Be sure to have a fire-guard around the grate, and be strict in not allowing your child either to touch or to play with fire; frightful accidents have occurred from mothers and nurses being on these points lax.

The nursery ought to have a large fire-guard, to go all round the hearth, and which should be sufficiently high to prevent a child from climbing over. Not only must the nursery have a guard, but every room where he is allowed to go should be furnished with one on the bars.

Moreover, it will be necessary to have a guard in every room where a fire is burning, to protect the ladies, who, in accordance with the present fashion, wear such preposterous crinolines, and thus to prevent the frightful deaths which are at the present time of such frequent and startling occurrence; lady-burning is now one of the institutions of our land!

A nursery is usually kept too hot; the temperature in the winter time ought not to exceed 60 degrees Fahrenheit. A good thermometer should be considered an indispensable requisite to a nursery. A child in a hot, close nursery is bathed in perspiration; if he leave the room to go to one of lower temperature, the pores of his skin are suddenly closed, and either a severe cold, or an inflammation of the lungs, or an attack of bronchitis, is likely to ensue. Moreover, the child is both weakened and enervated by the heat, and thus readily falls a prey to disease.

A child ought never to be permitted to sit with his back to the fire; if he be allowed, it weakens his spine, and thus his whole frame; it causes a rush of blood to the head and face, and predisposes him to catch cold.

Let a nurse make a point of opening the nursery window every time that she and her little charge leave the nursery, if their absence be only for half an hour. The mother herself ought to see that this advice is followed, pure air is so essential to the well-being of a child. Pure air and pure water,[[194]] and, let me add, pure milk, are for a child the grand and principal requirements of health.

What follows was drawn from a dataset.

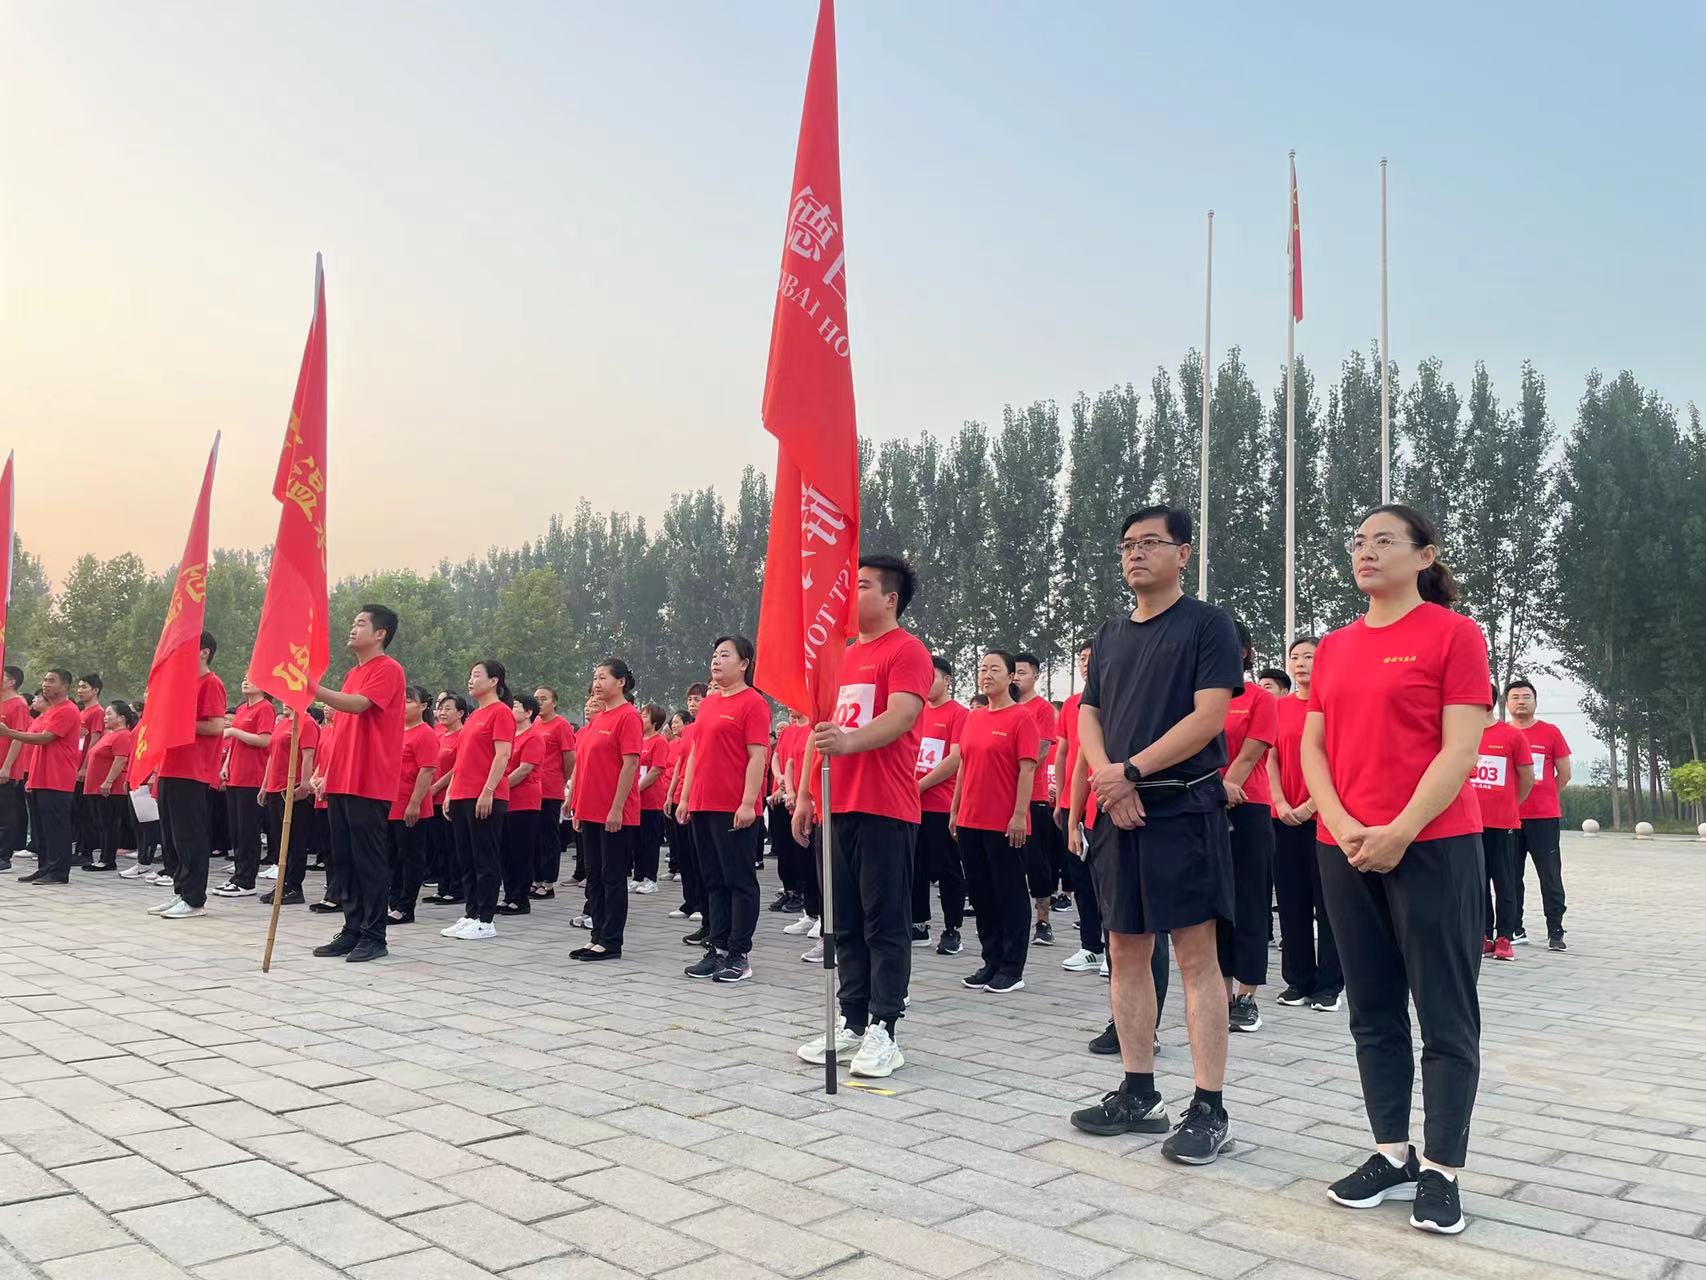 夏津县举行“乡村文化振兴 两节四集六赛”之全民健步走活动
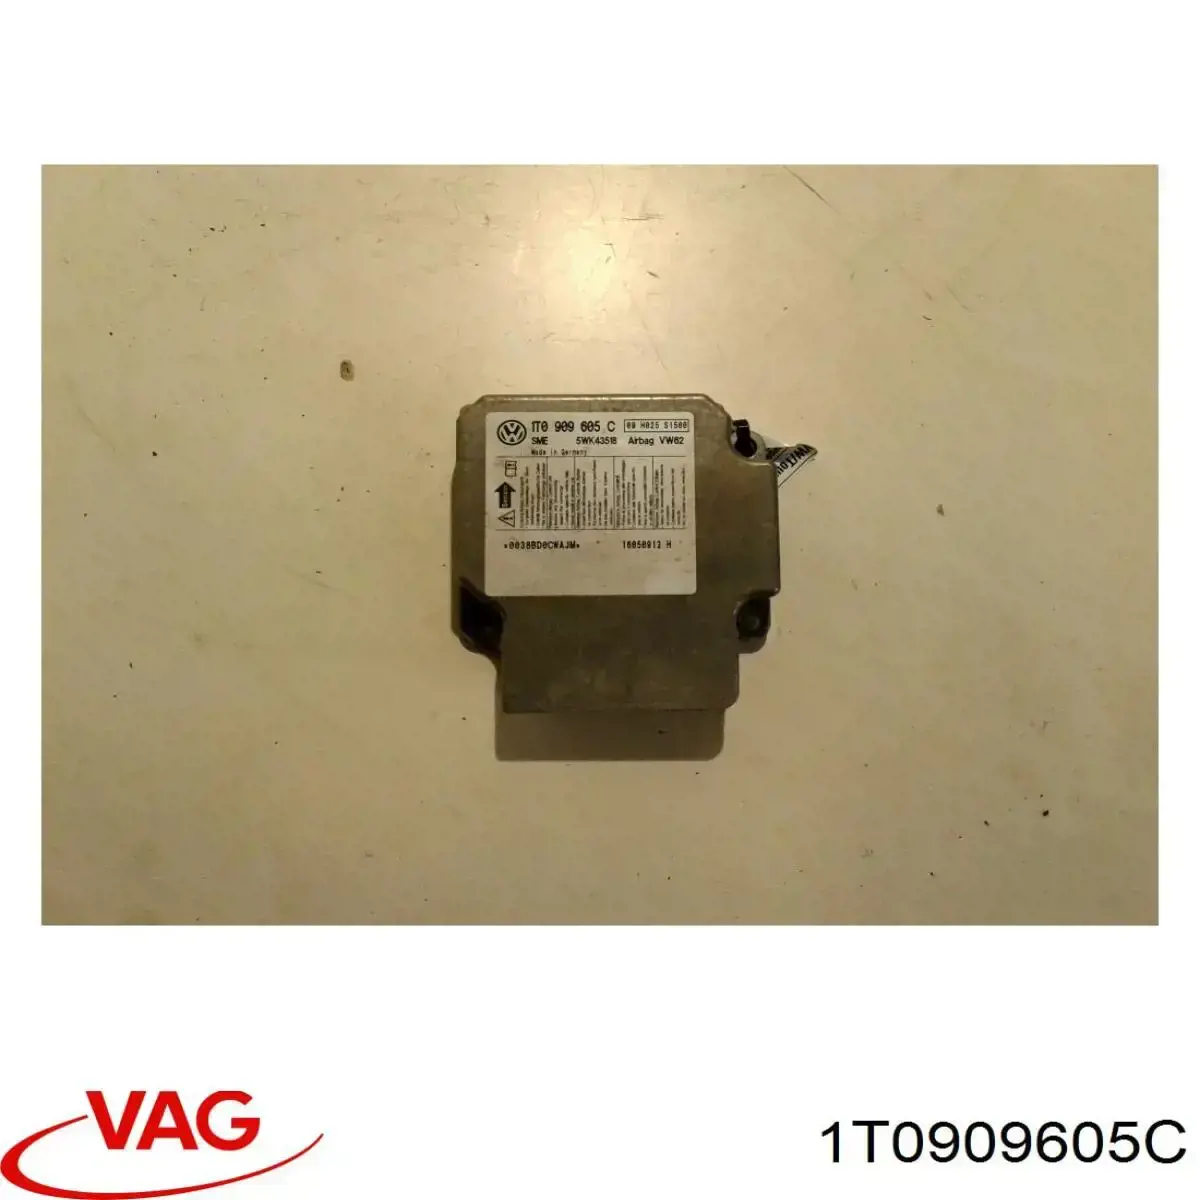 1T0909605C VAG procesador del modulo de control de airbag

Look well to the Drainage of your house and neighborhood. A child is very susceptible to the influence of bad drainage. Bad drains are fruitful sources of scarlet fever, of diphtheria, of diarrhœa, etc. “It is sad to be reminded that, whatever evils threaten the health of a population, whether from pollutions of water or of air,—whether from bad drainage or overcrowding, they fall heaviest on the most innocent victims—upon children of tender years. Their delicate frames are infinitely more sensitive than the hardened constitutions of adults, and the breath of poison or the chill of hardships easily blights their tender life.”[[195]]

A nursery floor ought not to be washed oftener than once a week; and then the child or children should, until it be dry, be sent into another room. During the drying of the floor, the windows must, of course, be thrown wide open.

The constant wetting of a nursery is a frequent source of illness among children. The floor ought, of course, to be kept clean; but this may be done by the servant thoroughly sweeping the room out every morning before her little charge makes his appearance.

Do not have your nursery walls covered with green paper-hangings. Green paper-hangings contain large quantities of arsenic—arsenite of copper (Scheele’s green)—which, I need scarcely say, is a virulent poison, and which flies about the room in the form of powder. There is frequently enough poison on the walls of a room to destroy a whole neighborhood.